MATERIAL PROVIDED section start
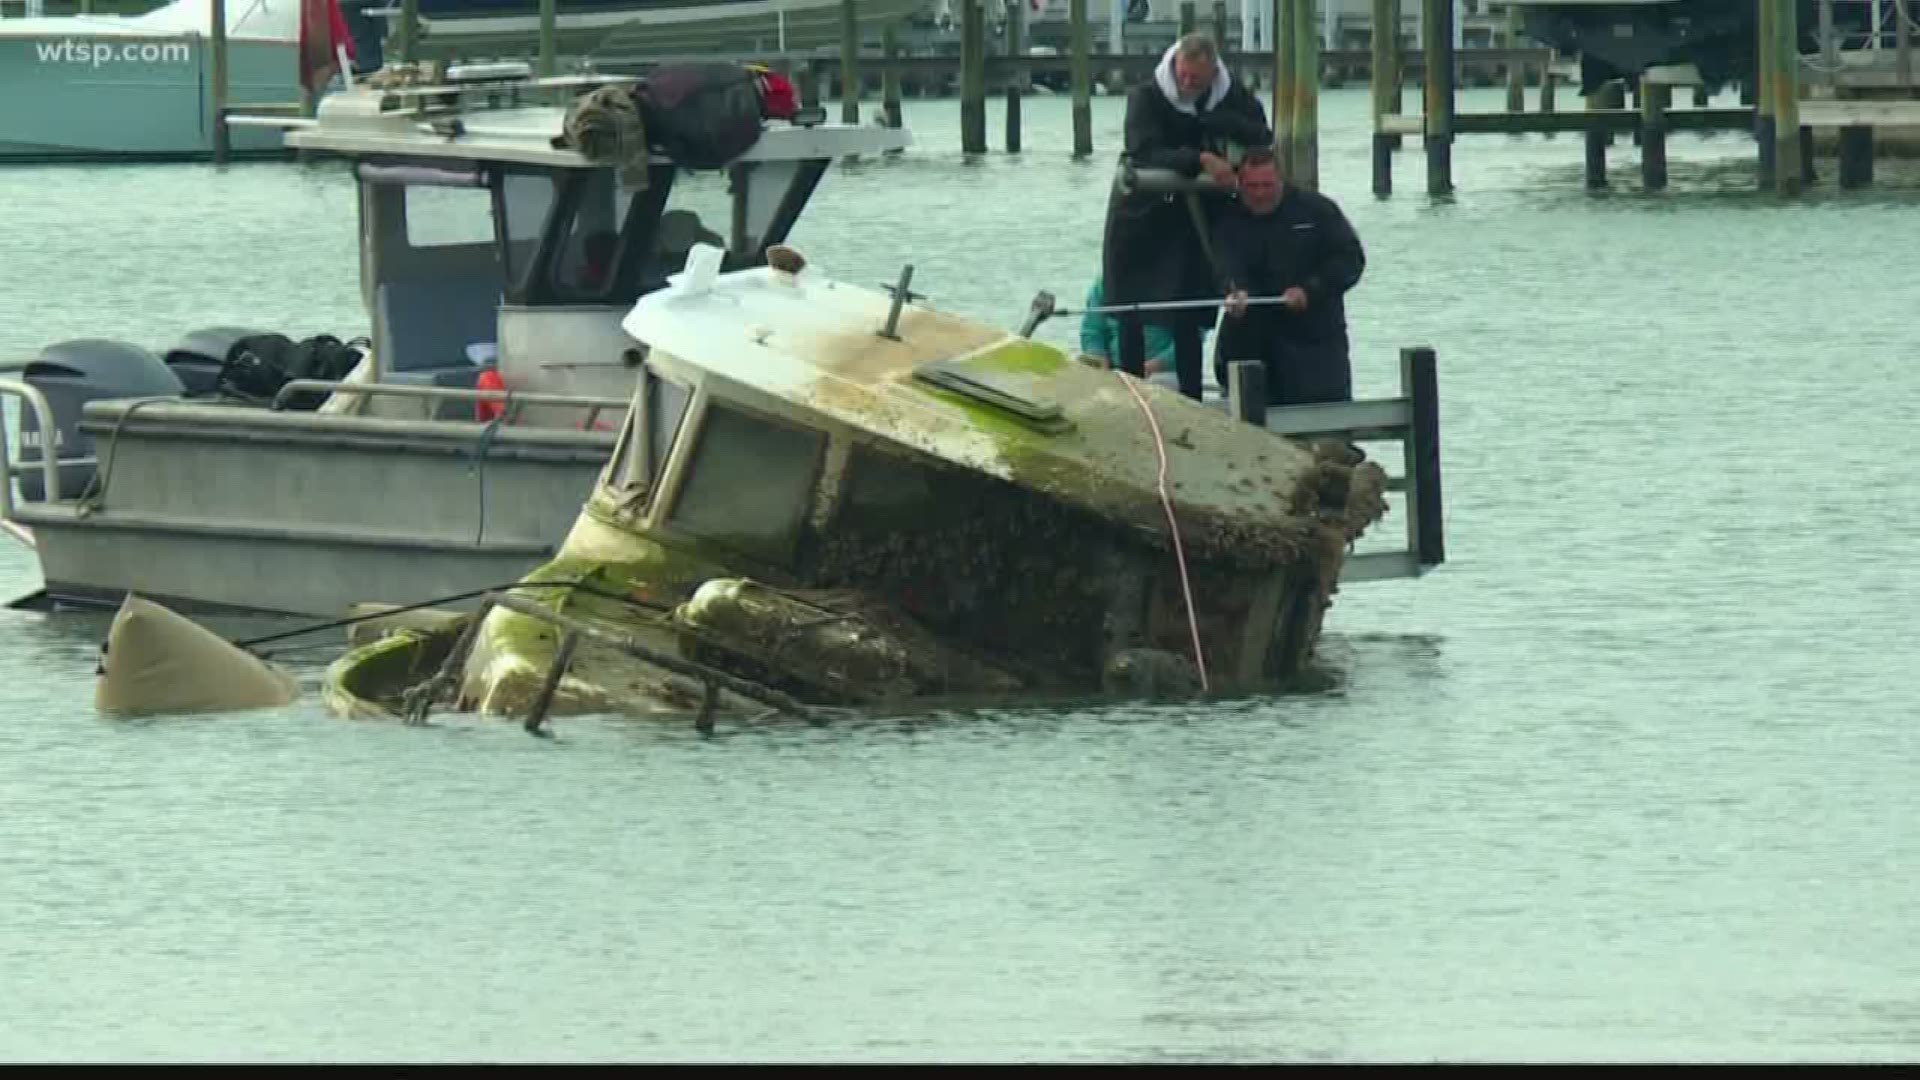 FWC tells us there are 16 other vessels being investigated in the so-called “Boat Graveyard.”
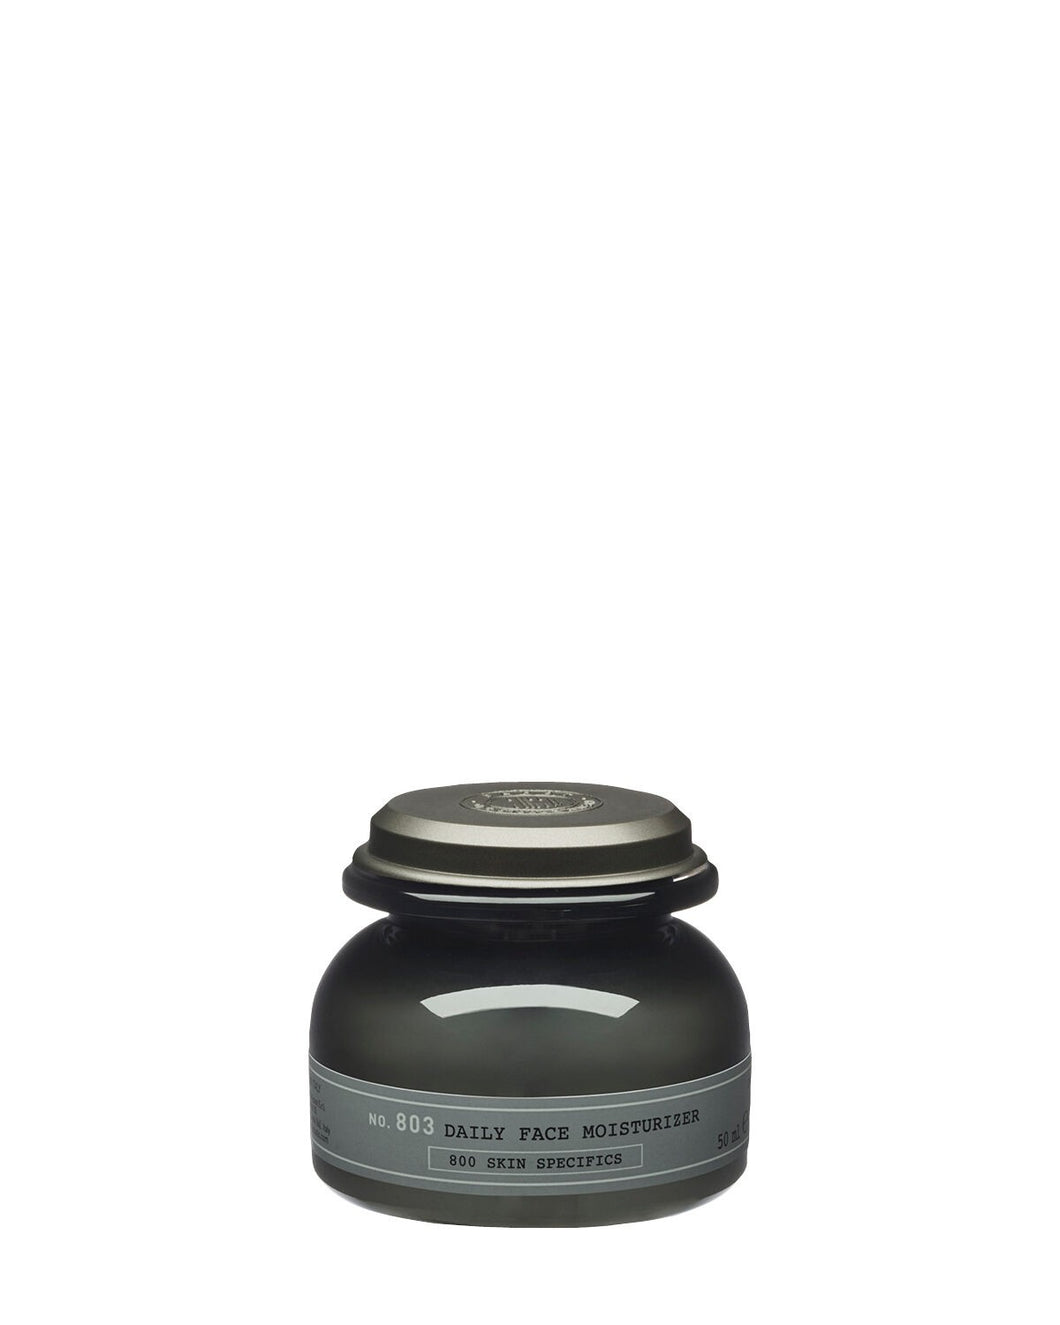 DEPOT MALE TOOL NO. 803 DAILY FACE MOISTURIZER
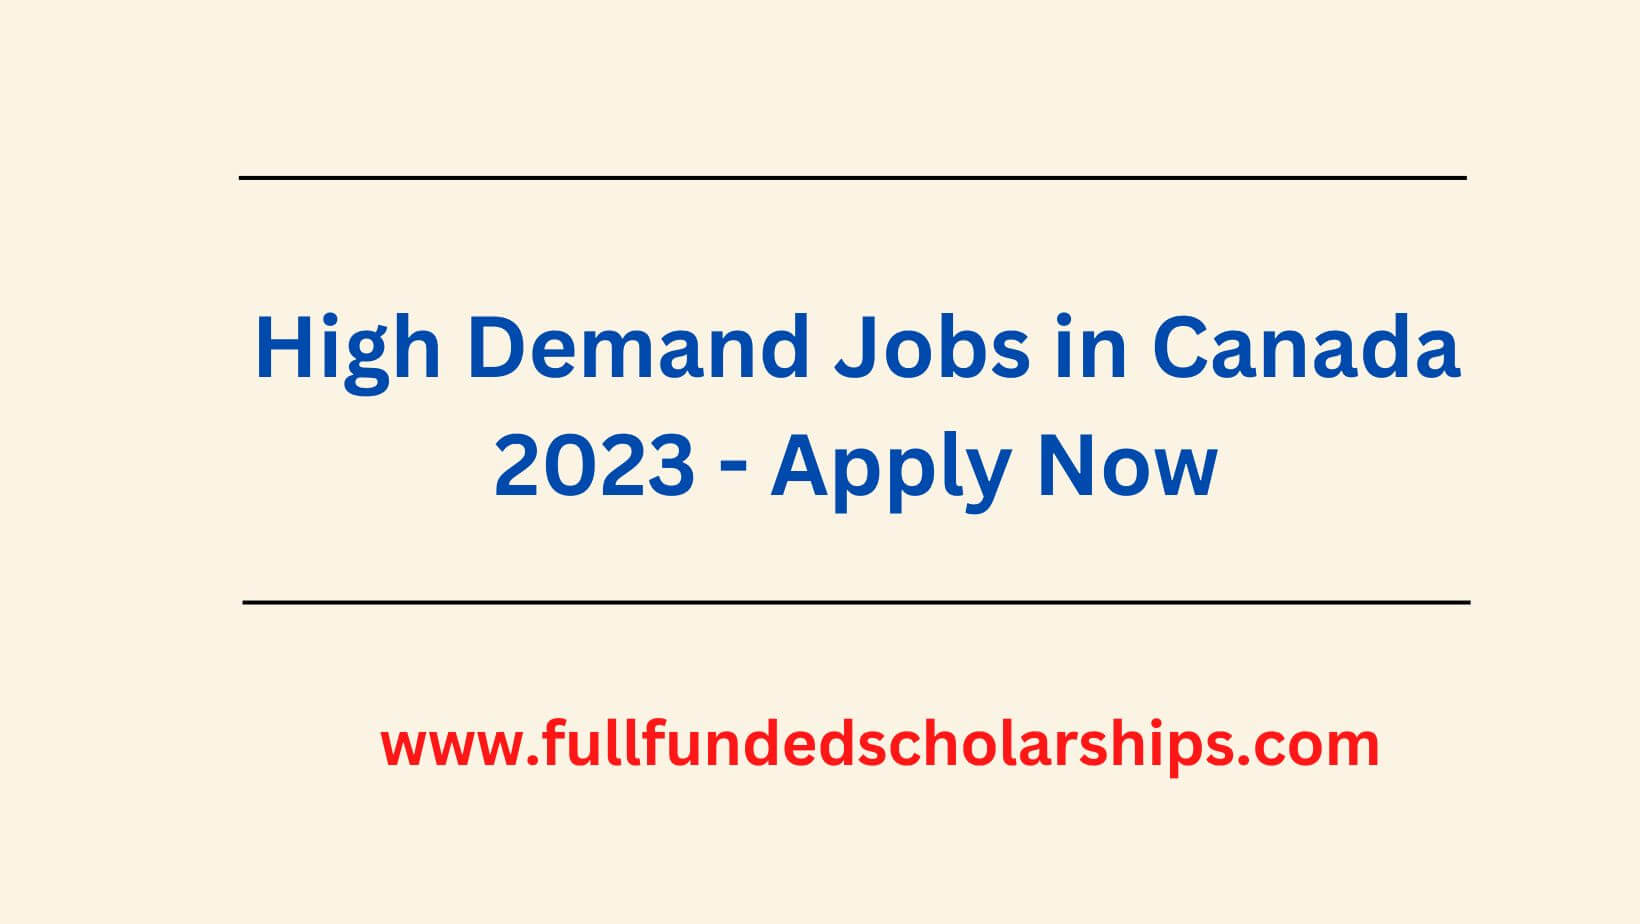 High Demand Jobs in Canada 2023 - Apply Now
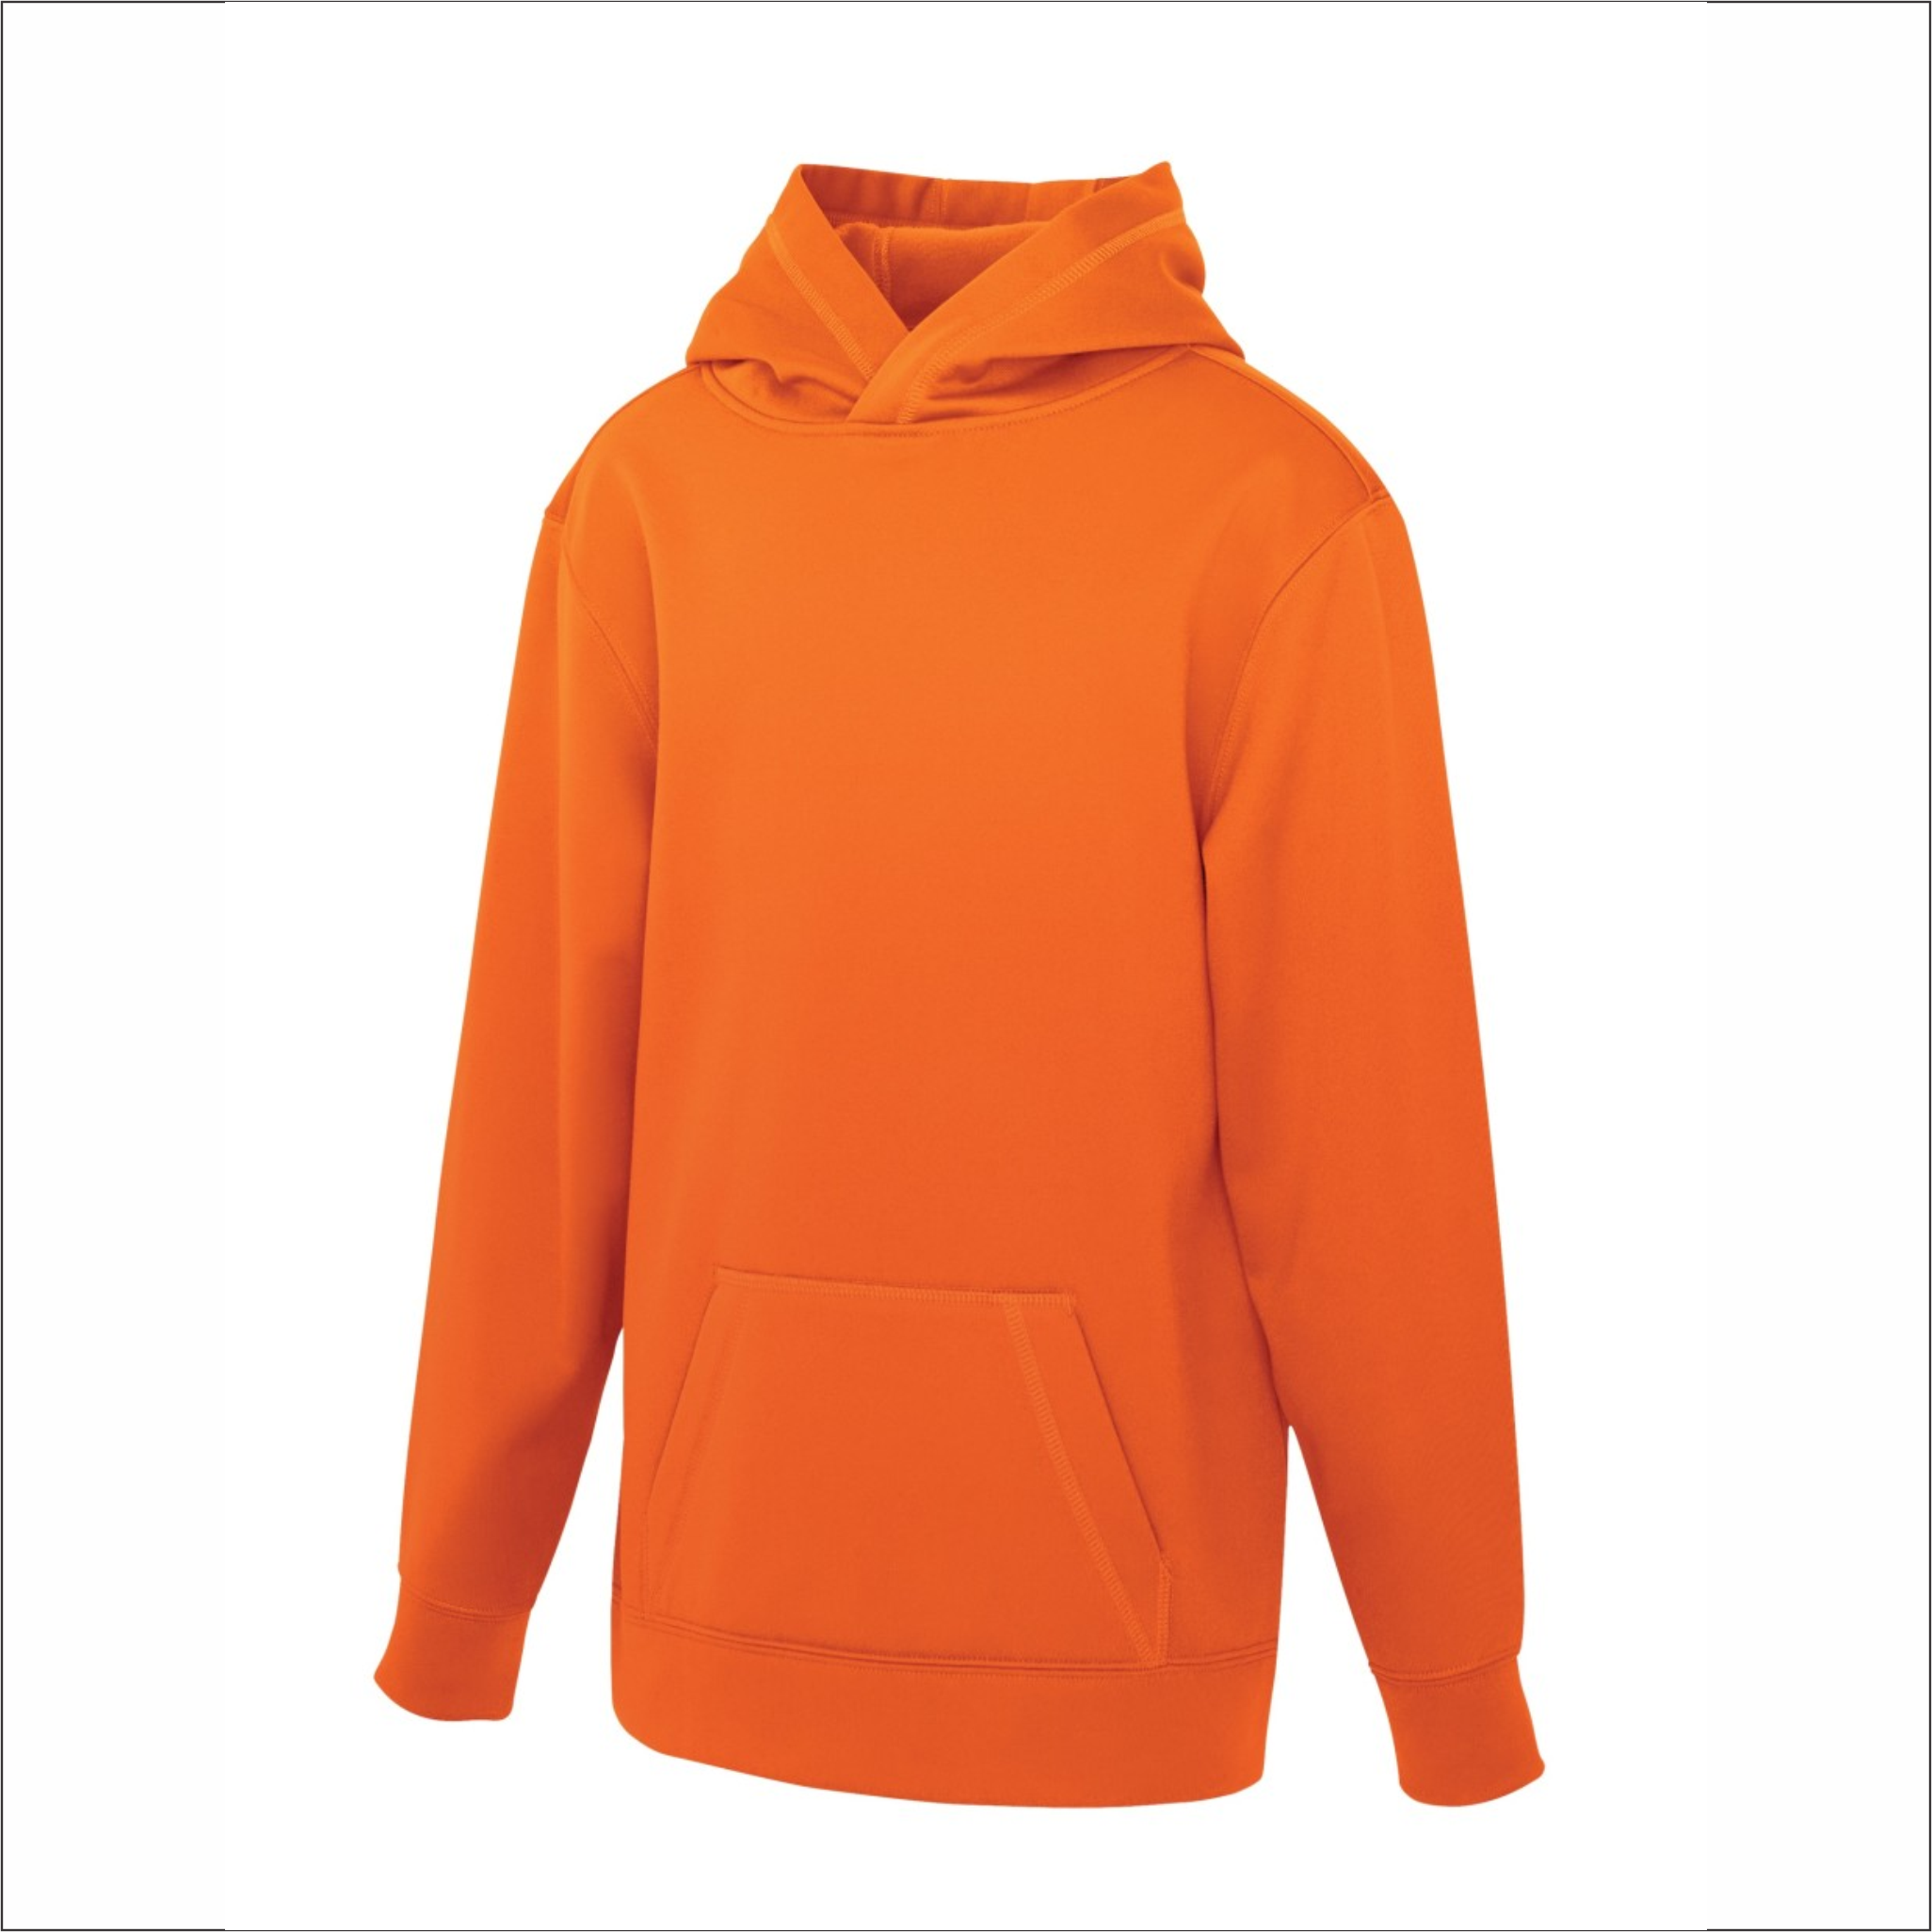 Youth Hoodie - Polyester - ATC Y2005
MATERIAL PROVIDED section end
PROBLEM REQUIREMENTS: Your task is to reproduce exactly the lines from the one that holds "High Demand Jobs in Canada 2023 - Apply Now" to the last line of the listing, and only those, omitting the pictures.

RESULT OF THE EXERCISE:
 High Demand Jobs in Canada 2023 - Apply Now
 Youth Hoodie - Polyester - ATC Y2005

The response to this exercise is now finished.